"L'As d'or du jeu de stratégie 2000"... et oui, cela fait 20 ans que Vinci a reçu cette belle récompense \*. Depuis, il a muté pour devenir un jeu dans lequel s'opposent des Sorciers des Forets, Tritons diplomates, Amazones des marais ou encore Géants des collines. Vous avez évidemment reconnu Smallworld et aujourd'hui, ce sont même les peuples de Warcraft qui vont pouvoir se taper dessus en suivant les règles simples – mais géniales – créées par Philippe Keyaerts.
Vinci... mon édition est celle où l'on aperçoit sur la boite des ruines antiques, des colonnes brisées. Cela nous rappelle que même les plus puissantes civilisations finissent par décliner, se fondent dans l'Histoire et deviennent une mémoire culturelle pour les générations qui suivent. C'est un peu d'ailleurs ce qui est arrivé à ce jeu : beaucoup de joueurs en ont entendu parlé, mais ne l'ont jamais joué car Smallworld est là, plus moderne, moins austère et plutôt rigolo avec ces combinaisons improbables : Des Squelettes Fortunés, des Trolls Scouts ou des Zombies Marchands. Avec Vinci, on est dans un univers plus sérieux. Se jouant sur une carte de l'Europe, il simule l'affrontement durant l'Antiquité de peuples anonymes certes, mais avec des compétences (agriculture, milice, monnaie, esclavage, port, mines, etc...) qui les rapprochent des Romains, des Grecs, des Celtes, des Germains et autres "stars" de cette lointaine période.
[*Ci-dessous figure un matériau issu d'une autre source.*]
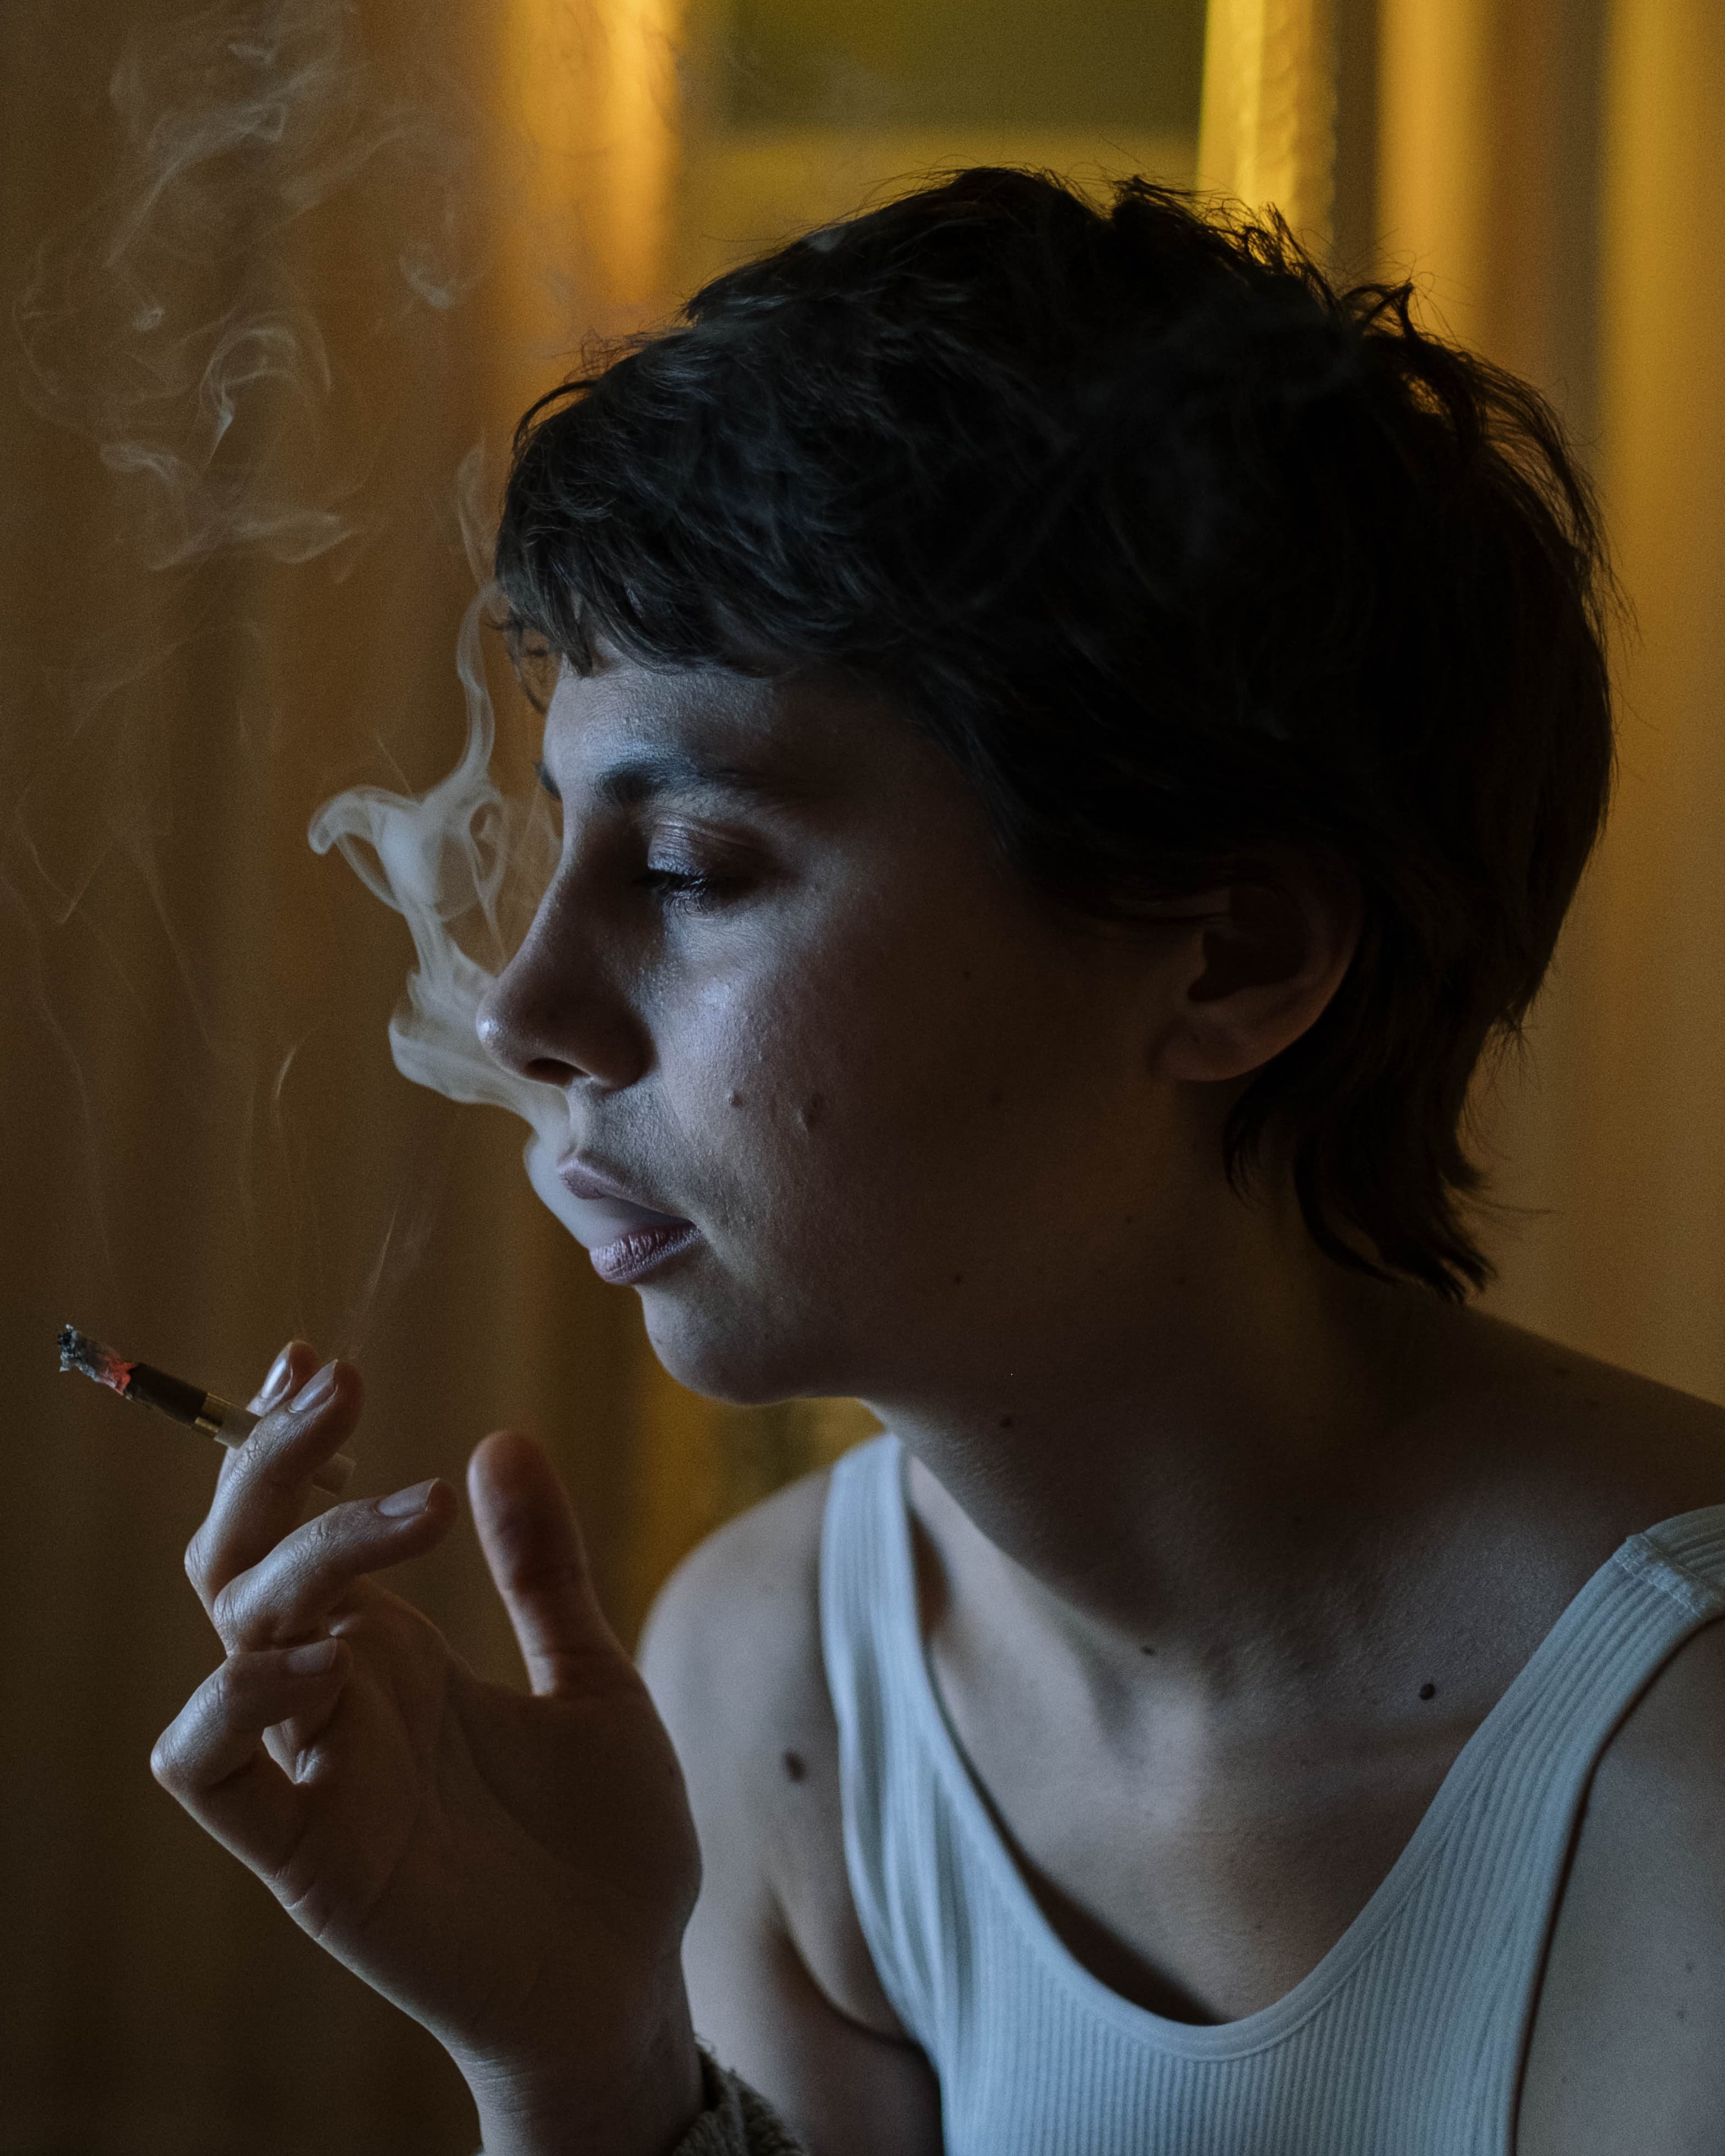 Photo of a woman with short hair smoking a cigarette

Il y a plusieurs idées géniales dans Vinci : La simplicité et l'efficacité ludique des combats et conquêtes, les combinaisons variées des deux compétences principales de civilisation qui caractérisent chaque peuple, le mécanisme du déclin... C'est ce dernier qui m'avait peut-être le plus impressionné à l'époque, parce que la maitrise de cet aspect du jeu est assez déterminant pour remporter la victoire. Décliner au bon moment : j'ai vu des joueurs le faire trop tôt, d'autres le faire trop tard, d'autres le faire peu souvent, d'autres changer régulièrement. Moi-même j'ai eu des regret dans certains parties, genre "Zut ! J'aurais du faire un tour de plus avec mon peuple Armes/ports !" ou au contraire "Pfff ! Mes Barbares/Médecine, vu la situation, j'aurais dû les mettre en déclin plus vite". Le déclin est une grande idée qui impose aux joueur d'avoir le sens du timing, de bien sentir le rythme de la partie. J'ai même tendance à penser que c'est le déclin qui fait de Vinci autre chose qu'un simple jeu de baston.
La victoire se joue autour d'une ligne d'arrivée. C'est une course aux points où les scores sont visibles. Pour cette raison, les fins de parties peuvent être assez cruelles car un joueur en tête et proche de l'arrivée (par exemple la ligne des 120 points à 4 joueurs) est souvent victime des derniers combats. Cet aspect du jeu a parfois été pointé du doigt par certains joueurs et j'ai toujours pensé que le système proposé plus tard par Philippe Keyaert pour Smallworld était un peu plus judicieux, au moins pour coller à la mentalité de la majorité des joueurs de 2009.
Néanmoins, il y a un charme dans Vinci qui ne s'explique pas, quelque chose à la fois de simple et complexe. Et puis j'aime bien le plateau, les aides de jeux, les petites tuiles civilisation, les règles sont bien présentées. Après, il y a les pions population, des petits jetons de bois colorés tout simples, un peu sévères... ah oui, on est loin des jolis jetons cartonnés et illustrés de Smallworld. Par son matériel, Vinci est sans doute un peu dépassé aujourd'hui, mais l'ensemble de ces mécanismes tient toujours bien la route et j'espère que la version Warcraft aura du succès. Quand à moi, je regarde à nouveau le couvercle de ma boite, ces ruines illuminées par un soleil couchant et je repense aux parties animées que j'ai eu la chance de disputer autrefois sur Vinci.
PS : Pour le titre, il y a eu un petit débat sur le forum en 2007 au sujet de la prononciation (et même du sens) de Vinci. Je me souviens plus pourquoi je n'y avais pas participé mais aujourd'hui je le regrette... c'était pourtant un noble combat non ?
\* Le "Super As d'Or" avait été attribué à Kahuna. Cette année là, le SdJ fut décerné à Torres... une autre époque quoi.